The proof, which is omitted from this extended abstract, proceeds by explicitly constructing, for every admissible execution, a legal operation sequence satisfying the necessary conditions. In creating the operation sequence, each operation in the execution is serialized to occur at the time of its response.

The algorithm for slow reads and fast writes is similar to the previous one. Each process keeps a copy of all objects in its local memory. When a Read<sub>p</sub>(X) occurs, p waits d time units, after which it reads the value v of X in its local memory and immediately does a Return<sub>p</sub>(X, v). When a Write<sub>p</sub>(X, v) occurs, p sends "write(X, v)" messages to all other processes (including a dummy message to itself which is delayed d time units) and does an Ack immediately. Whenever a process receives a "write(X, v)" message, it changes the value of X to v in its local memory. Ties are resolved as in the previous algorithm. Clearly the time for every read is d and the time for every write is 0, and |W| + |R| = d.

**Theorem 3.3** The algorithm just described implements linearizability.

The proof is the same as the proof of Theorem 3.2 except that each operation is serialized to occur at the time it is called.

### 4 Imperfect Clocks

Obviously, the assumptions of the previous section are unrealistically strong. In this section we relax them, and assume a system in which clocks run at the same rate as real time but are not initially synchronized, and in which message delays are in the range [d - u, d] for some u > 0.

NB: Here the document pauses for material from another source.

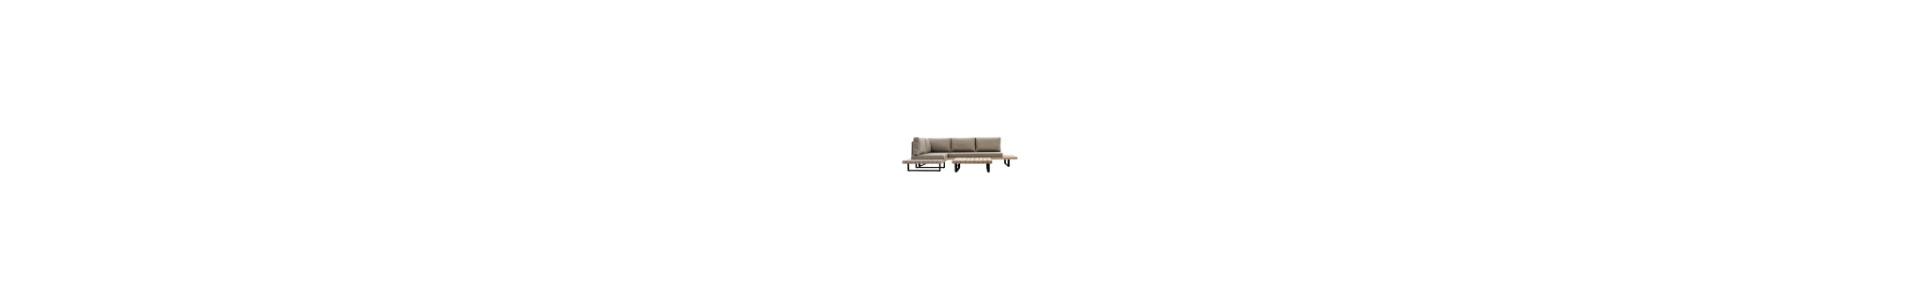 Modular sofas

Under these assumptions, the lower bound of Theorem 3.1 still holds, but the algorithms of Theorems 3.2 and 3.3 do not work. We start by showing that for linearizability this is not a coincidence—in any linearizable implementation of a read/write object the worst-case response time of *both* read and write operations must depend on u, the message delay uncertainty. We then show that this is not

the case for sequential consistency by presenting two algorithms, one in which reads are performed instantaneously while the worst-case response time for a write is O(d), and another in which the roles are reversed. These algorithms match (within constant factors) the lower bound of Theorem 3.1.

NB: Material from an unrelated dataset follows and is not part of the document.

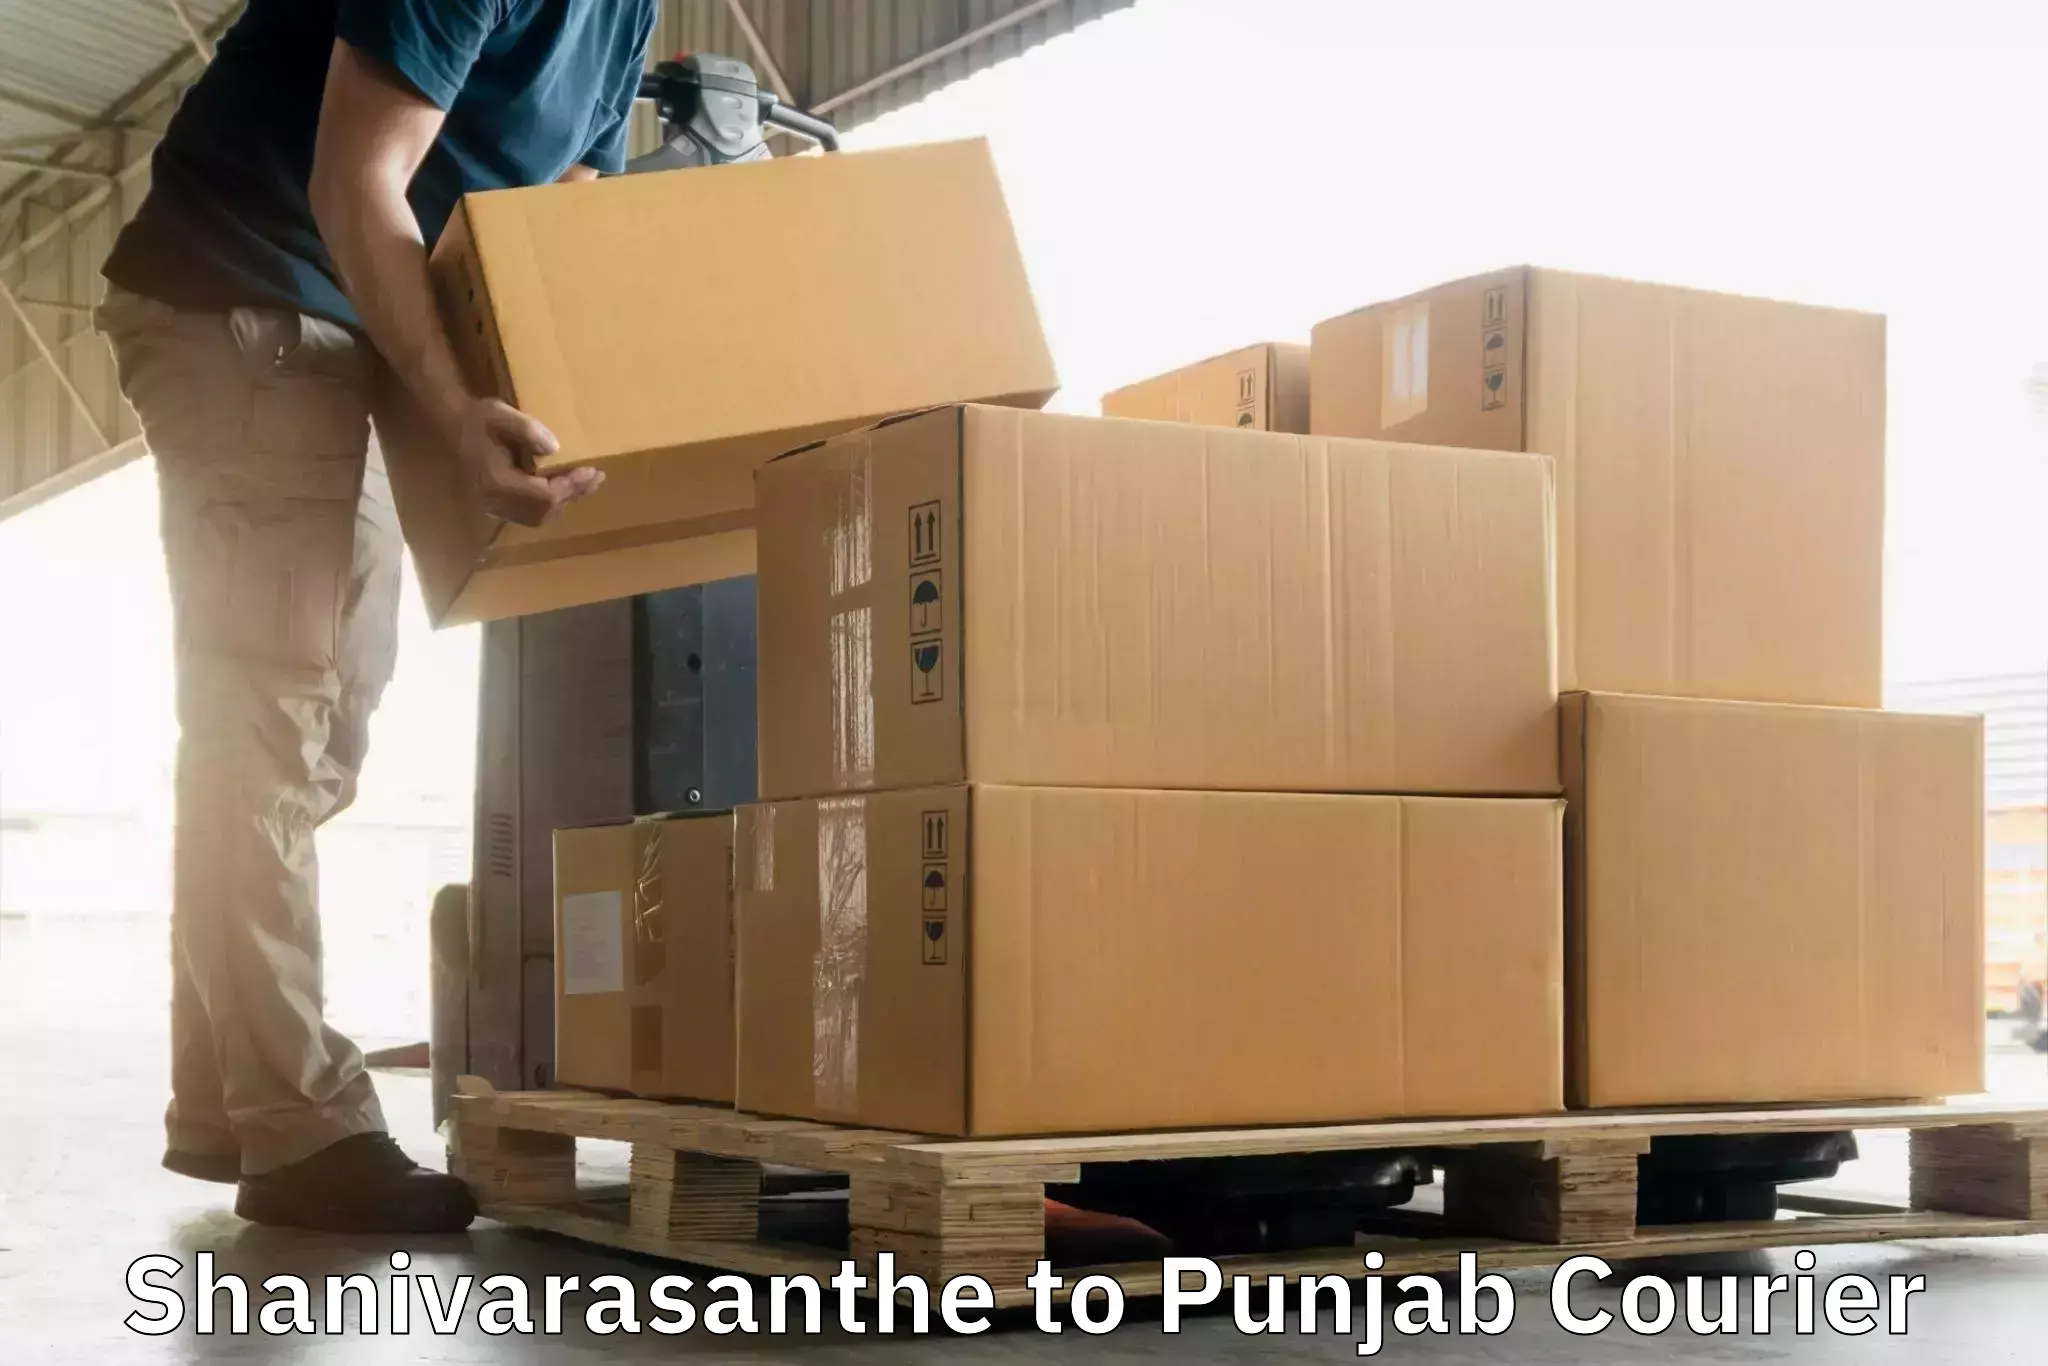 Speedy delivery service Shanivarasanthe to Ludhiana

#### 4.1 Lower Bounds for Linearizability

We now show that, under reasonable assumptions about the pattern of sharing, in any linearizable implementation of an object, the worst-case time for a read is u/4 and the worst-case time for a write is u/2. The proofs of these lower bounds use the technique of *shifting*. Shifting is used to change the timing and the ordering of events in the system while preserving the local views of the processes. It was originally introduced in [24] to prove lower bounds on the precision achieved by clock synchronization algorithms. Here we describe the technique and its properties informally.

Given an execution with a certain set of clocks, if process p's history is changed so that the real times at which the events occur are shifted by some amount s and if p's clock is shifted by the same amount, then the result is another execution in which every process still "sees" the same events happening at the same real time. The intuition is that the changes in the real times at which events happen at p cannot be detected by p because its clock has changed by a corresponding amount. It is possible to quantify the resulting changes to message delays in the new execution: the delay of any message to p is s less, the delay of any message from p is s more, and the delay of any message not involving p has the same delay as in the original execution.

**Theorem 4.1** Assume X is a read/write object with at least two readers. Then any linearizable implementation of X must have  $|R(X)| \geq \frac{u}{4}$ .

**Proof:** Let p and q be two processes that read X and r be a process that writes X. Assume in contradiction that there is an implementation with  $|R(X)| < \frac{u}{4}$ . Without loss of generality, assume that the initial value of X is 0. The idea of the proof is to consider an execution in which p reads 0 from X, then q and p alternate reading X while r writes 1 to X, and then q reads 1 from X. Thus there exists a read  $R_1$ , say by p, that returns 0

and is immediately followed by a read  $R_2$  by q that returns 1. If q is shifted earlier by u/2, then in the resulting execution  $R_2$  precedes  $R_1$ . Since  $R_2$ returns the new value 1 and  $R_1$  returns the old value 0, this contradicts linearizability.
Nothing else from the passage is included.